無消費から成長をひきだす:まとめ P137

これらの歴史を基に、新市場型破壊のパターンを構成する、四つの要素を抽出してみよう。このパターンは、破壊的イノベーションにとって理想的な顧客や用途市場を探すためのテンプレートとして使える。また、新たな市場成長を生むことが実証済みのこのパターンを基に、未完成のアイデアを、このパターンに適合する事業計画として形成することもできる。この四つの要素は、次のようになる。

1. 標的顧客はある用事を片づけようとしているが、金やスキルを持たないため、解決策を手に入れられずにいる。

2. このような顧客は、破壊的製品をまったく何も持たない状態と比較する。そのため、本来のバリューネットワークのなかで、高いスキルを持つ人々に高い価格で販売されている製品ほど性能が良くなくても、喜んで購入する。こうした新市場顧客を喜ばせるための性能ハードルは、かなり低い。

3. 破壊を実現する技術のなかには、非常に高度なものもある。だが、破壊者はその技術を利用して、誰でも購入し利用できる、シンプルで便利な製品をつくる。製品が新たな成長を生み出すのは、「誰でも使える」からこそだ。金やスキルをそれほど持たない人々でも消費をはじめられるのだ。

4. 破壊的イノベーションは、まったく新しいバリュー・ネットワークを生み出す。新しい顧客は新しいチャネル経由で製品を購入し、それまでと違った場で利用することが多い。

(中略)

このパターンに適合する破壊がなぜ成功するかと言えば、実績ある競合企業はこれが起こっている間中、新興市場への参入者を、自分たちの安泰を脅かす存在として考えないからだ。新しいバリュー・ネットワークの成長は、しばらくは主流市場の需要に影響を与えない。実際、既存企業は一時的にではあるが、破壊のお陰で繁栄する。

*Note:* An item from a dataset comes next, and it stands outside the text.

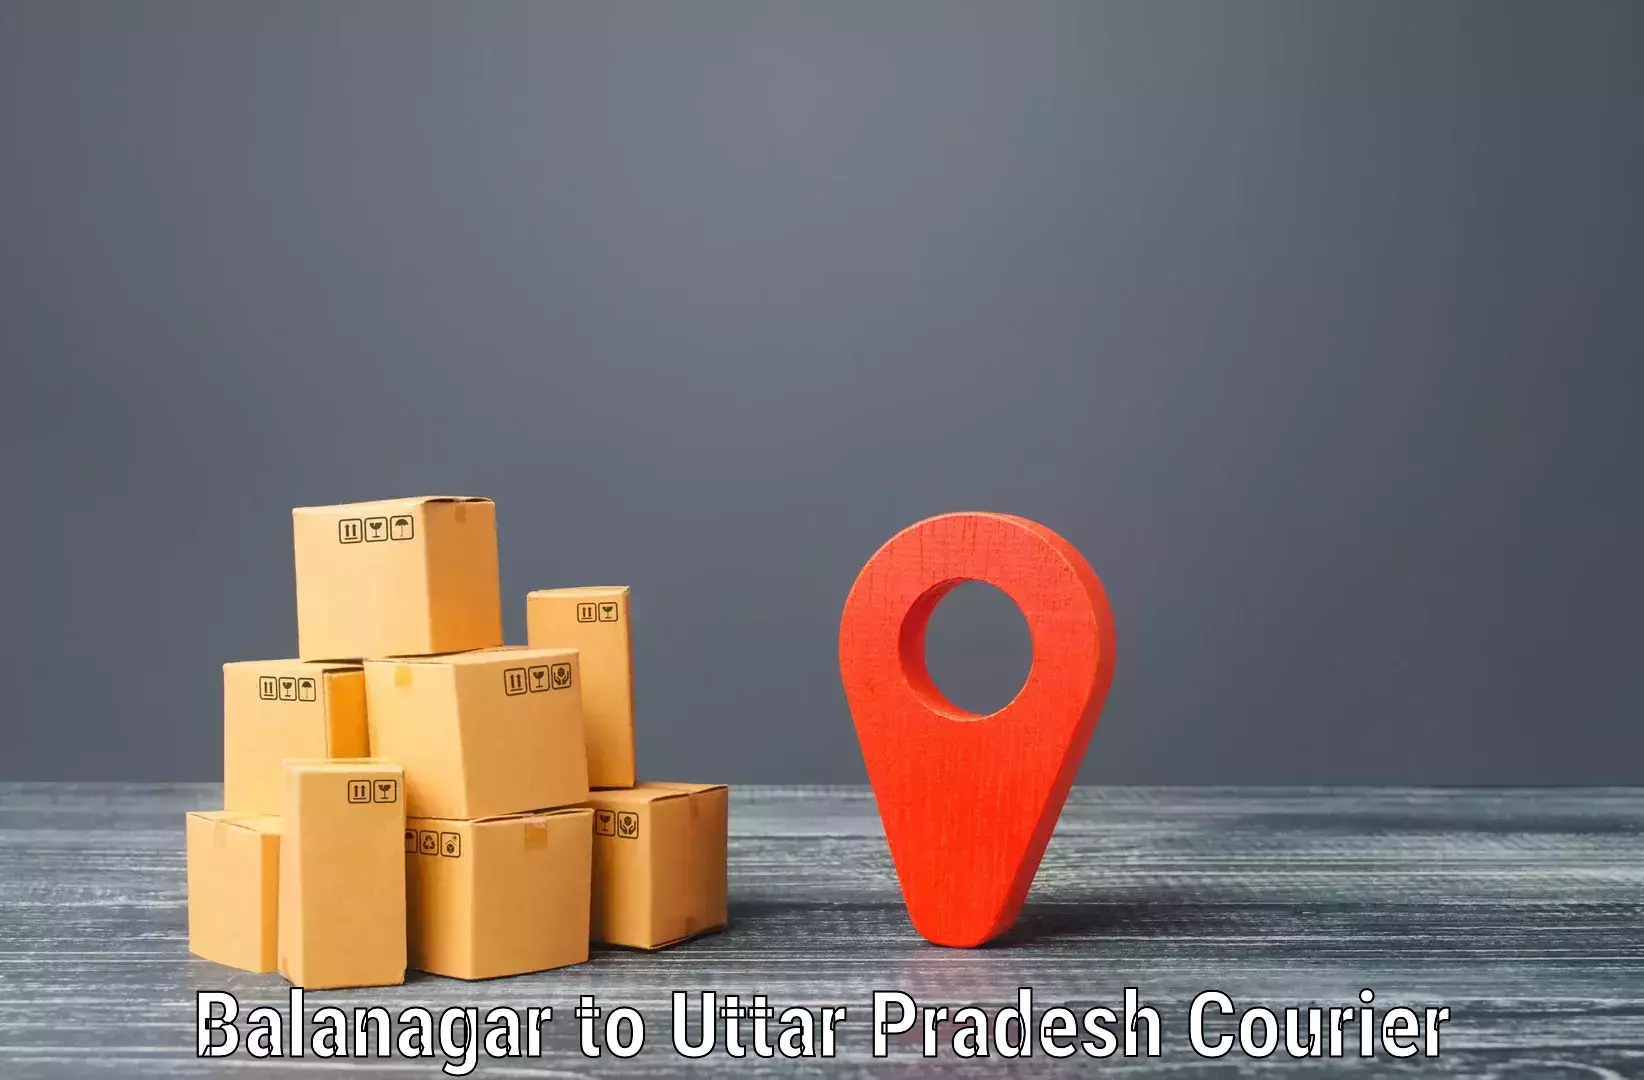 Reliable courier service in Balanagar to Marihan

どうでしょうか?驚くほど前記のGoogleのケースにあてはまる部分が多いように思われます。ポータル・ビジネスという主流市場の需要に影響を与えない形で、Googleは一般サイトの検索、広告配信という新しいバリューネットワークを着々と築いていった。Yahoo!などのポータルサイトは、(当初は)収益の低い検索システムをGoogleにアウトソースすることで、コアコンピタンスとしてのポータル広告収入の収益率を高めることができた。しかしながら、GoogleがAdWords、AdSenseというイノベーションによって、”今まで広告を配信することができなかった一般サイト”の無消費に対抗して、新しい市場を掘り起こし、新市場型破壊のパターンによって、より多くの付加価値を得ることができる主流のポータル広告市場までをも脅かすようになったと、きれいにあてはめることができます。

これに気づいてYahoo!が一連の、検索エンジンの自社開発、ターゲット検索広告のOverture買収といった戦略を矢継ぎ早に実行に移しているといえるのではないでしょうか。Yahoo!がGoogleに変えて導入しはじめた検索エンジンについては、ClickZの以下の記事で簡単なレビューを読むことができます。(引用文は、英語の原文を要約)

Yahoo!: Birth of a New Machine(ClickZ)

新しく登場したYahooの検索エンジンの検索結果をGoogleと比較すると、メジャーなキーワードだと、ほぼ同じようなサイトが上位に来るが、マイナーなキーワードや、キーワードを組み合わせて検索すると、検索結果は結構異なるよう。検索インデックスの量では、公式には発表していないものの、Googleに遜色ない?
Yahoo!はYahoo!Mailの運用で、スパムメールに対処するノウハウがあるので、検索からのスパムのフィルターでは有利かもしれない。あとは2003年にYahoo!が買収したOvertureをどう活用するか、My Yahoo!と連動したパーソナライズサーチ、RSSの活用などで差が出てくるかもしれない。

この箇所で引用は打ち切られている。